(EXERCISE AIM)
When you write out the listing, keep every character and omit the pictures.

(INFORMATION SUPPLIED)
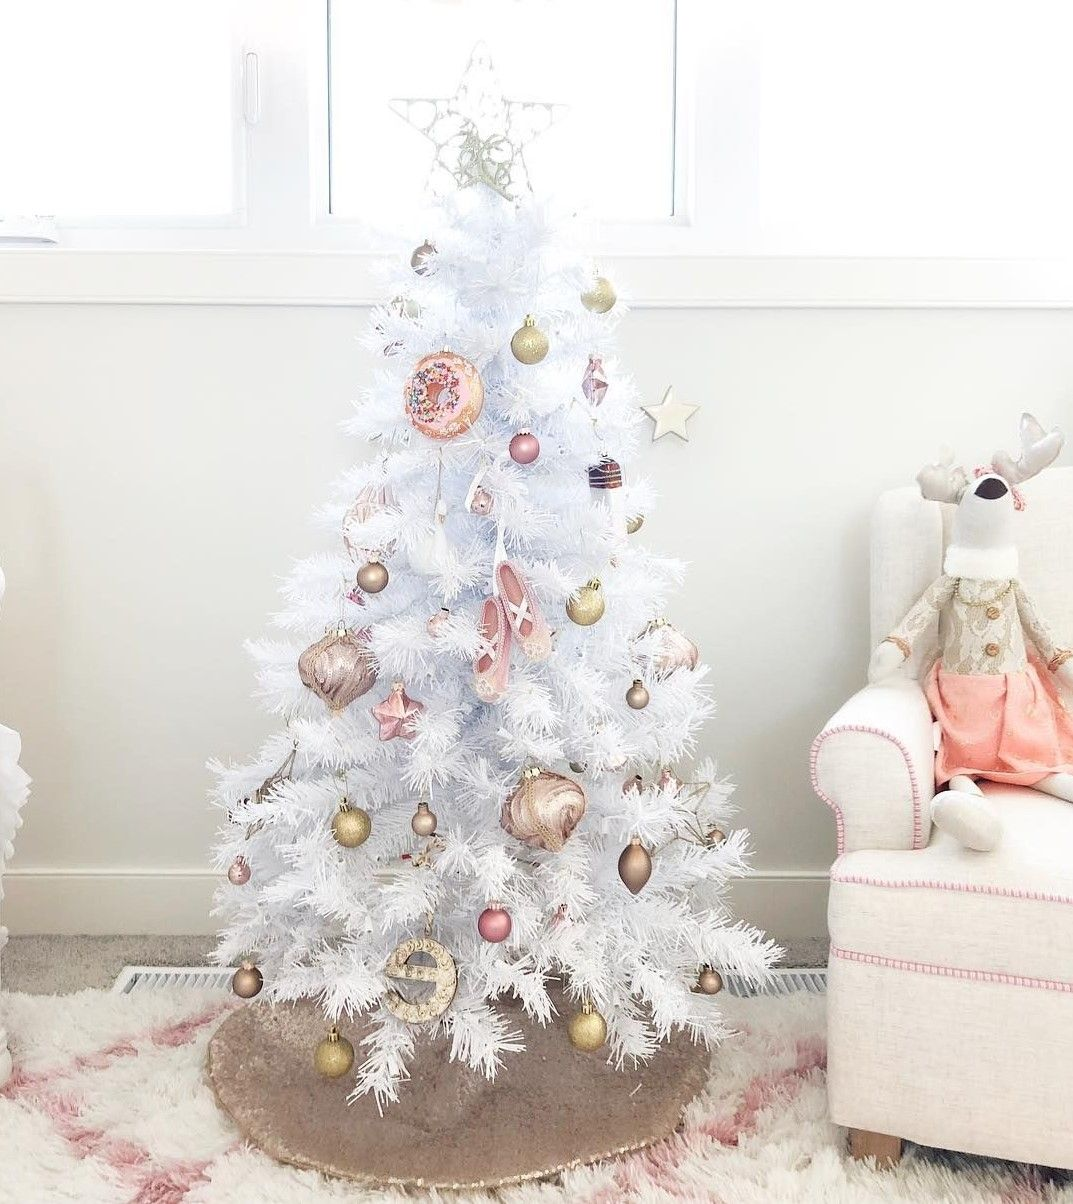 100 Options Incroyables De Deco De Noel Gifi A Bas Prix Decoration Noel Deco Noel Decoration Creative
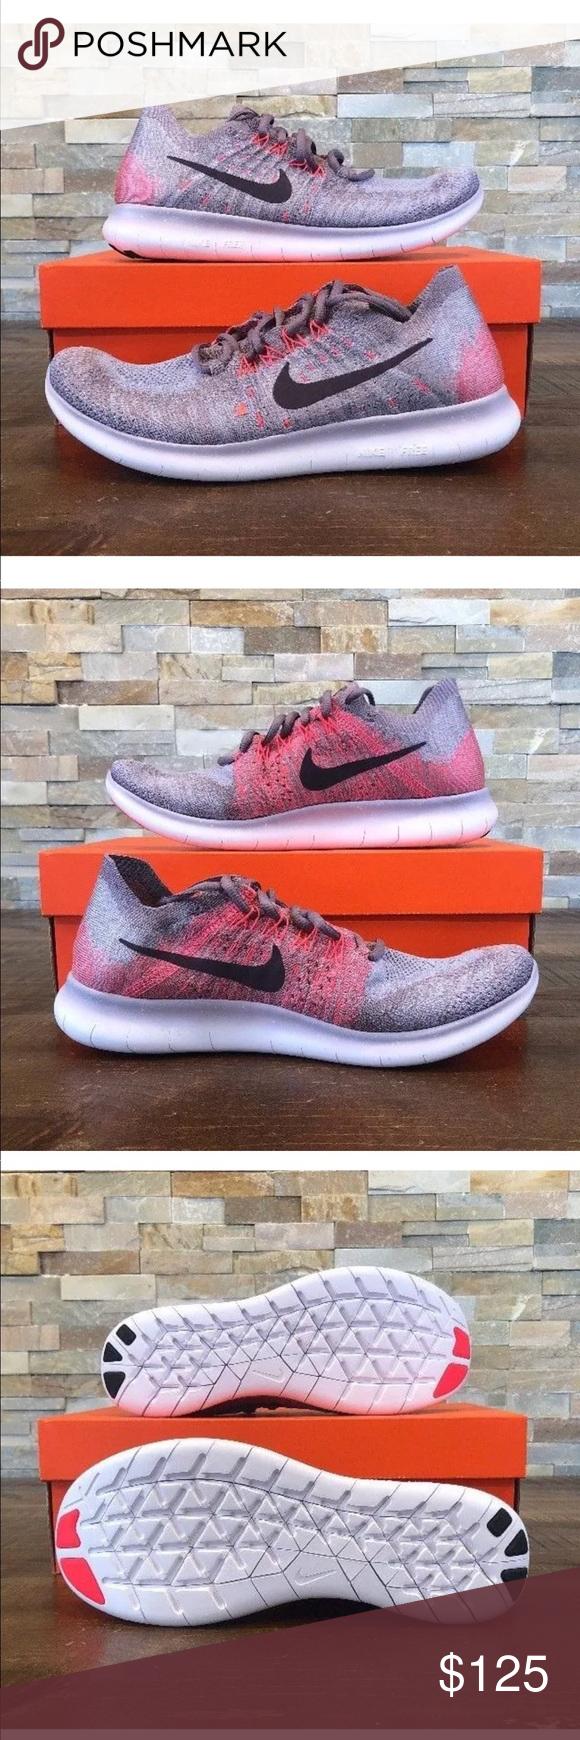 f2d6ebb6e256 Nike Women s Free RN Flyknit 2017 Shoe Size 8.5 Brand new! Never worn! Color
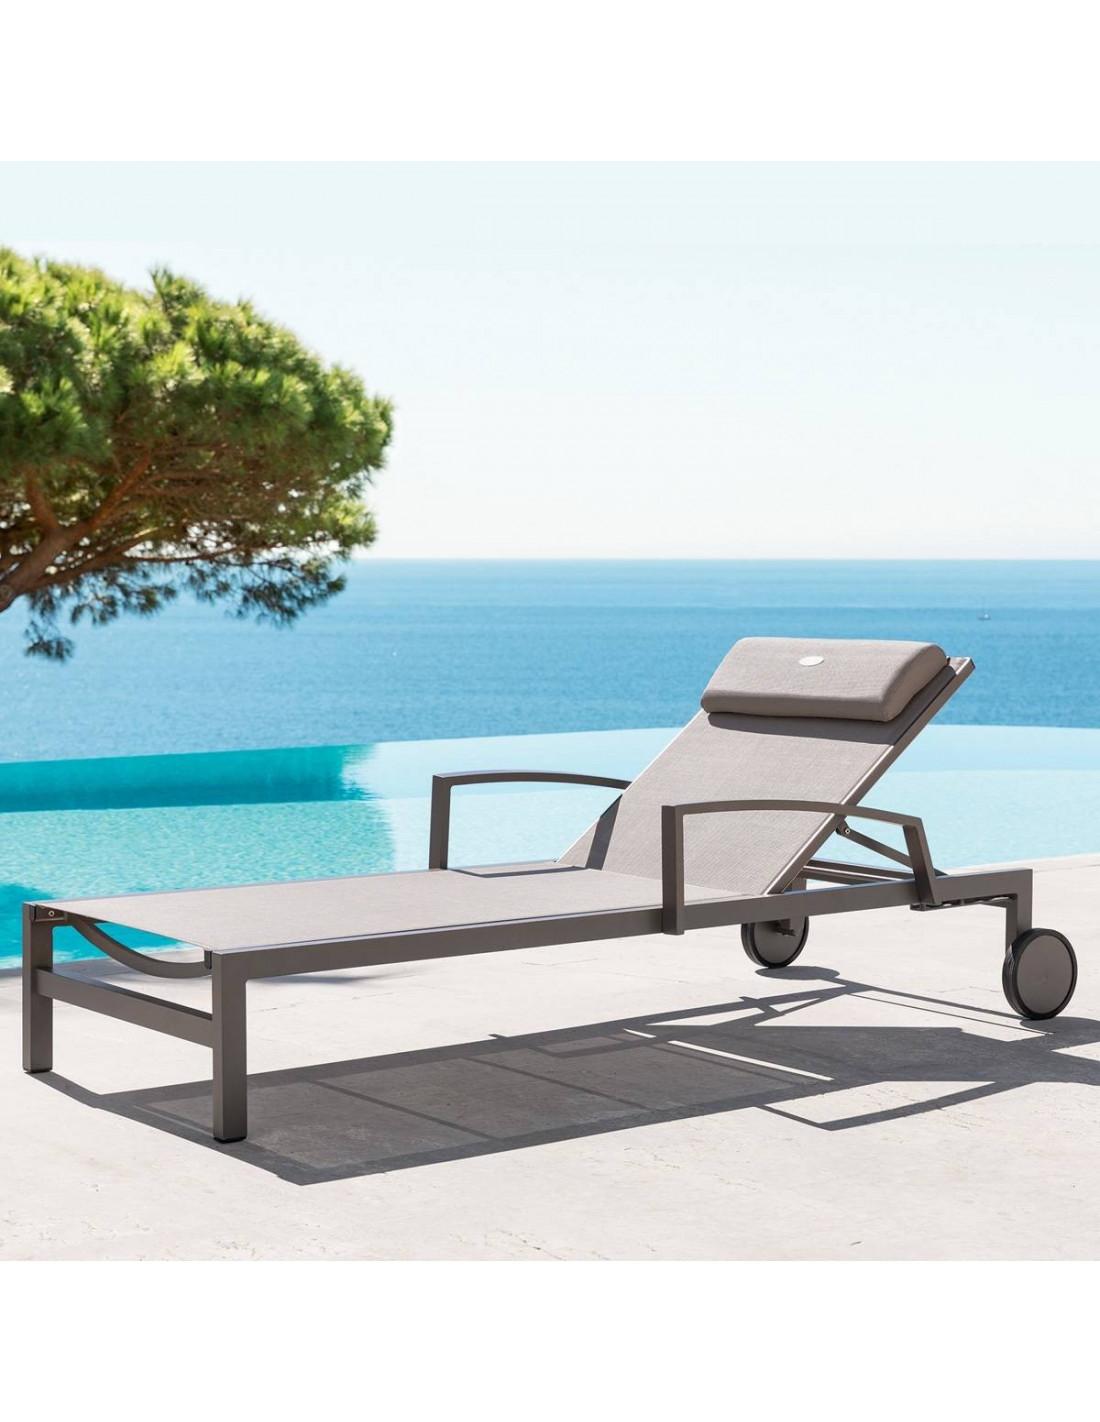 transat de jardin ocala 4 positions aluminium et texaline hesp ride. Black Bedroom Furniture Sets. Home Design Ideas
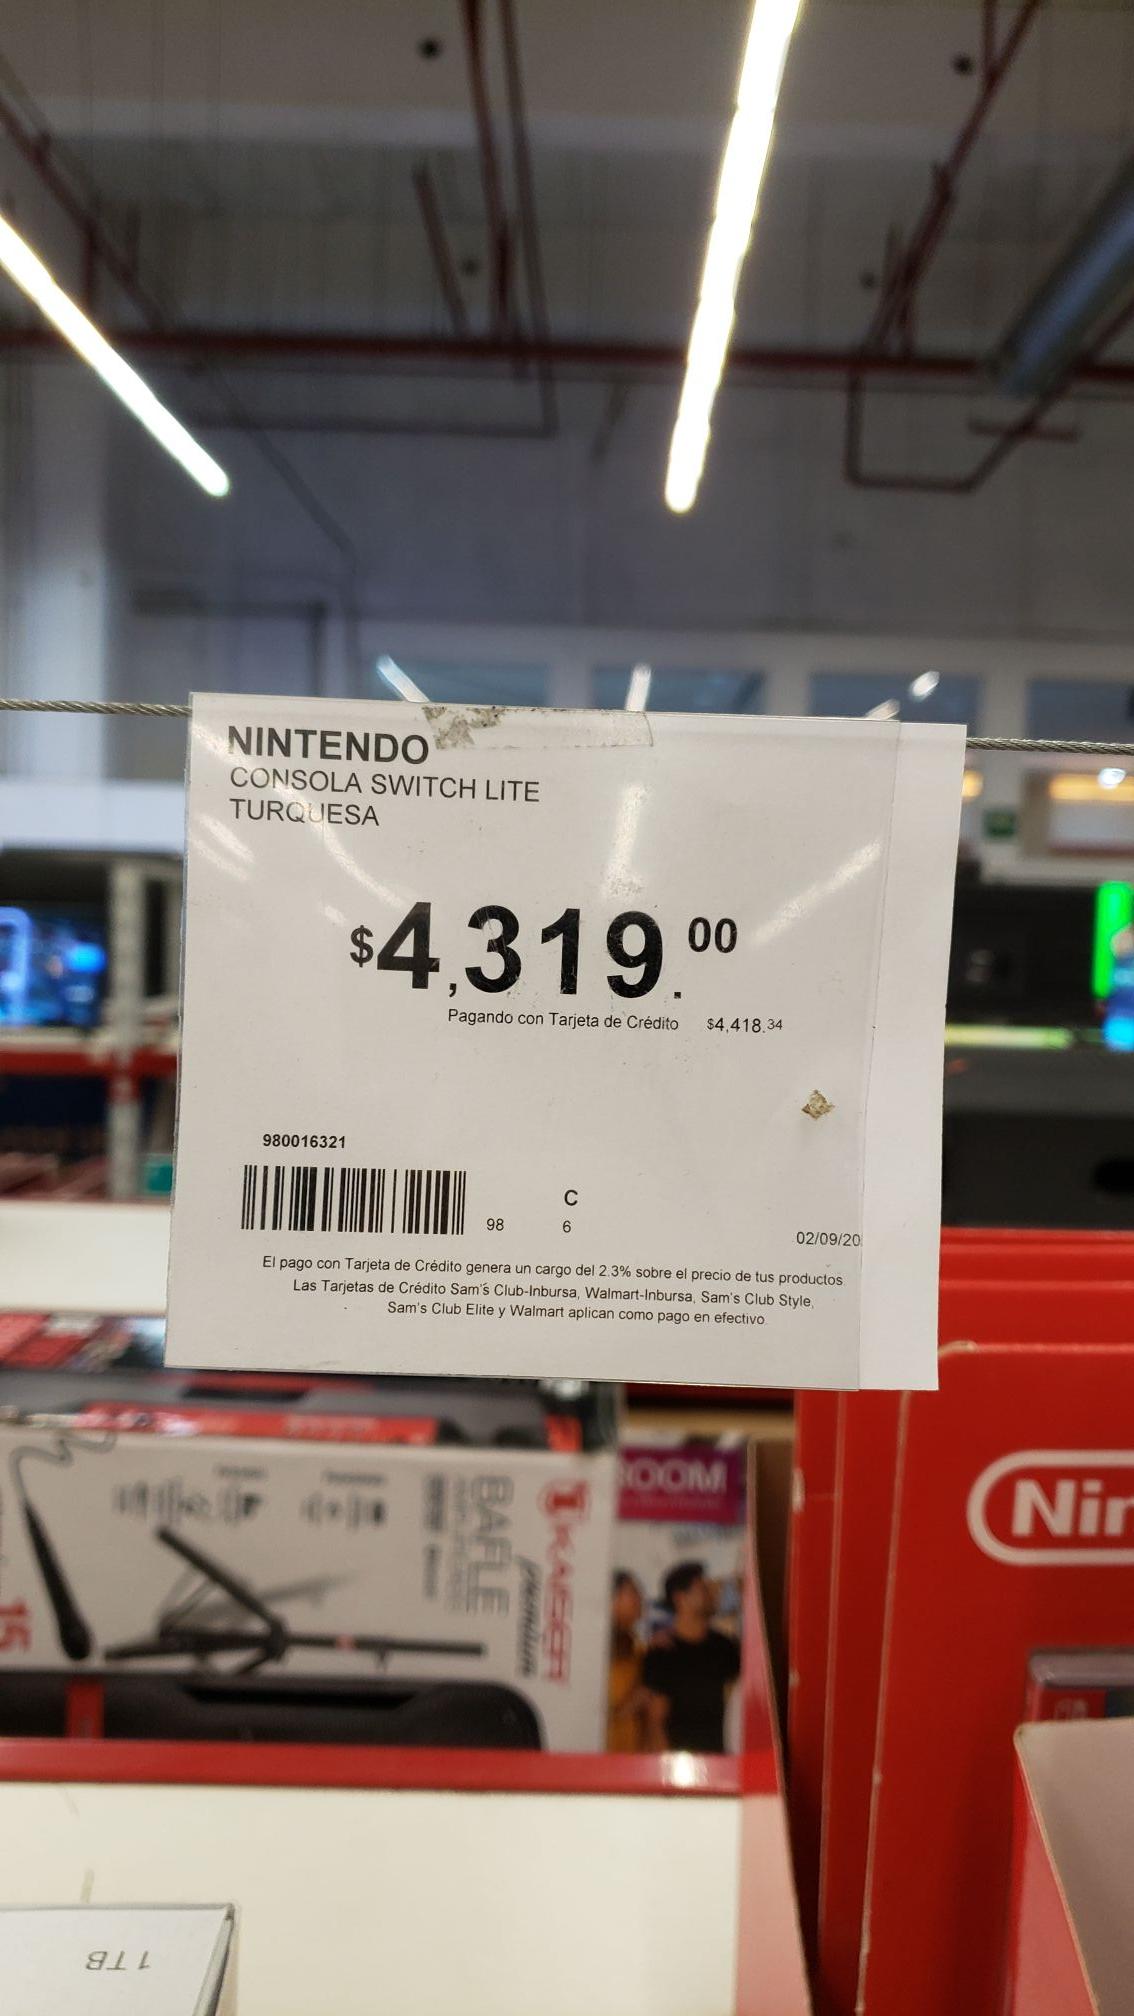 Sam's Club: Nintendo switch lite

(EXERCISE SOLUTION)
 100 Options Incroyables De Deco De Noel Gifi A Bas Prix Decoration Noel Deco Noel Decoration Creative
 f2d6ebb6e256 Nike Women s Free RN Flyknit 2017 Shoe Size 8.5 Brand new! Never worn! Color
 transat de jardin ocala 4 positions aluminium et texaline hesp ride. Black Bedroom Furniture Sets. Home Design Ideas
 Sam's Club: Nintendo switch lite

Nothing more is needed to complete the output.